Again, it is said that, as it appears appellee did not get possession of the mules for several days after the agreement was made, and it was not to be performed within one year, it was therefore void under the statute of frauds. But as the court held with appellants on the law, he must have found against them upon the question of fact. There was no evidence tending to show that, by the terms of the agreement, the year was to commence at a future day, but rather that it commenced presently; for appellee intended and proposed to take them immediately, and his right to do so under the agreement was not denied.

Defendants recalled one of their own witnesses and asked if he 'heard the plaintiff, on the trial before the justice, state the agreement with deceased, and having received an affirmative answer, further asked him to “ tell it as he told it there,” to which an objection for immateriality was sustained. Counsel did not suggest that the answer would tend to show a statement at all different from the one he made on this trial, nor what it would be or show. His statement on this trial had been corroborated by two Witnesses. If that made on a former trial was substantially the same—and there is no proof or presumption that it was not—its exclusion could do the defendants no harm.

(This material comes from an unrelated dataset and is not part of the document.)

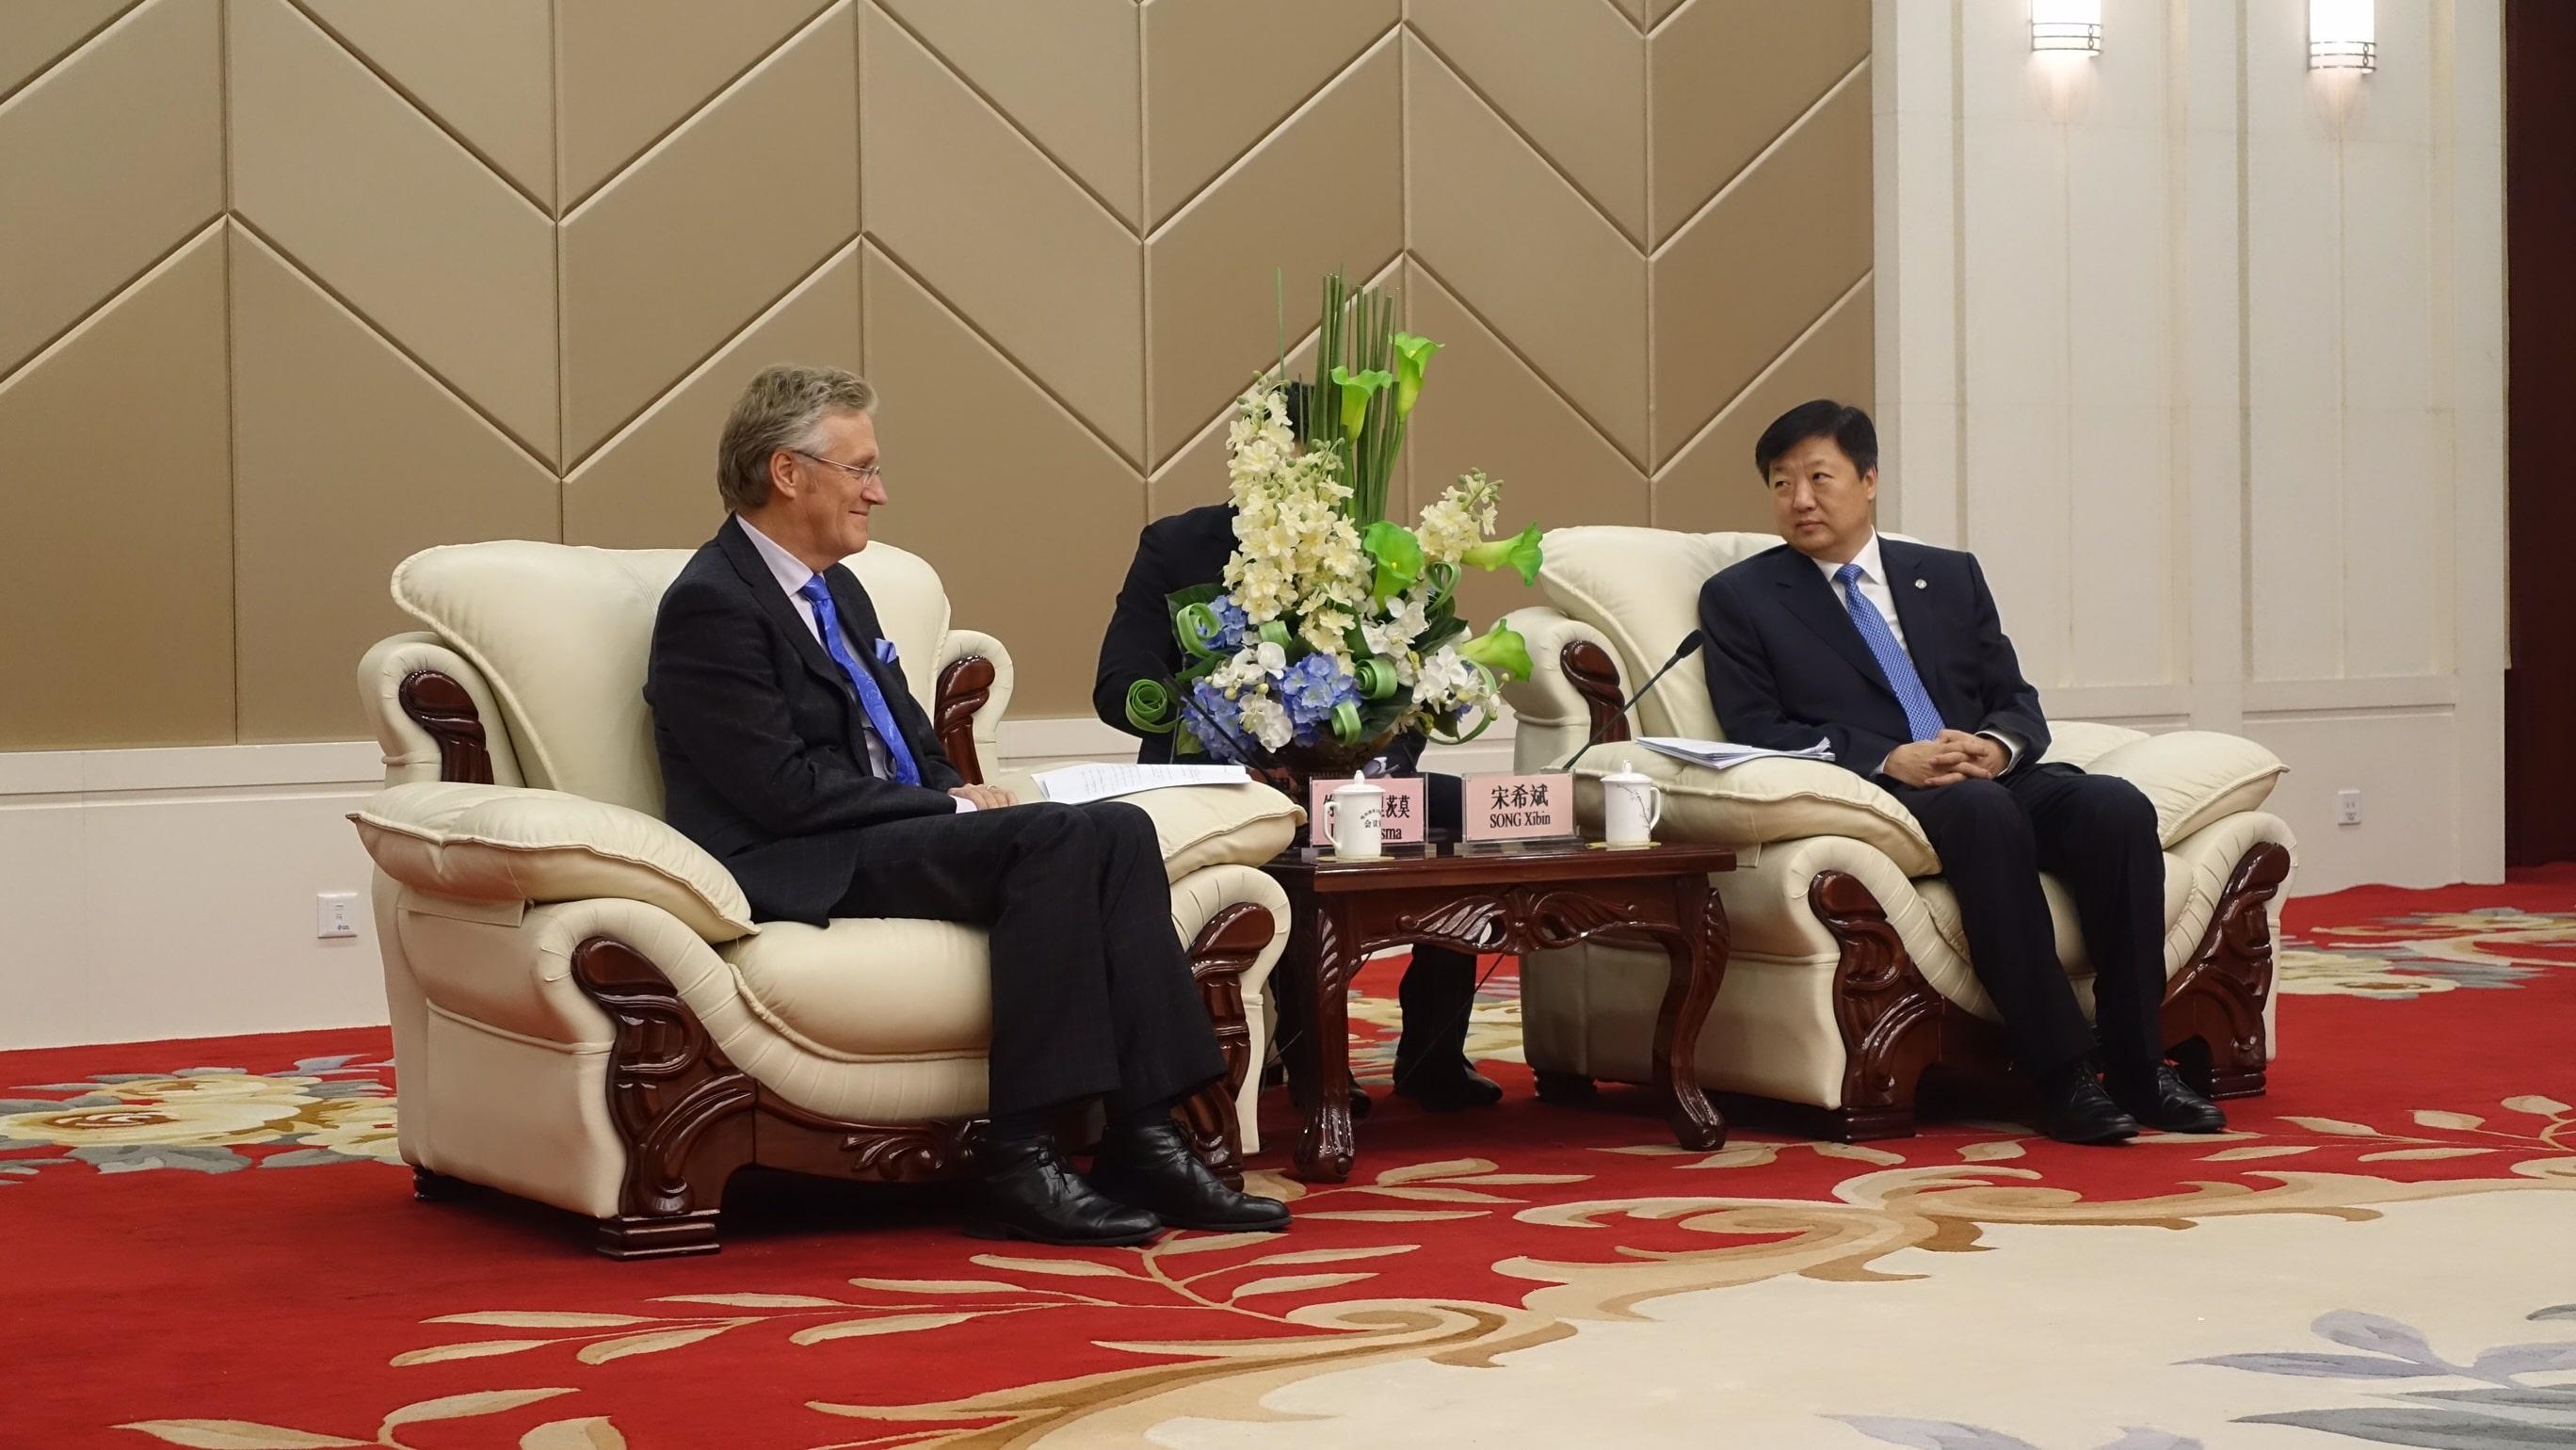 Haakman meeting with Harbin

Plaintiff was allowed, over .objection, to introduce evidence to show how much the use of the mules from May 22d to August 30th, would be reasonably worth. It was and is insisted that he should have been confined to the value of their use until May 25th, the commencement of the suit. We think not. When the suit was commenced he had been deprived by the act of appellants of their use for the entire residue of the term.

This value was variously stated by the witnesses—being from seventy-five cents to $2.50 per day, and would have warranted the finding of a larger amount than was allowed, *145without including the halters, for which plaintiff was allowed to state, over objection, that he paid $3.

On the whole, we think the conduct of the appellants was rather high-handed, and no injustice has been done by the judgment. The errors assigned, about which we might have doubts, we consider immaterial, and the defense without merit. Judgment affirmed.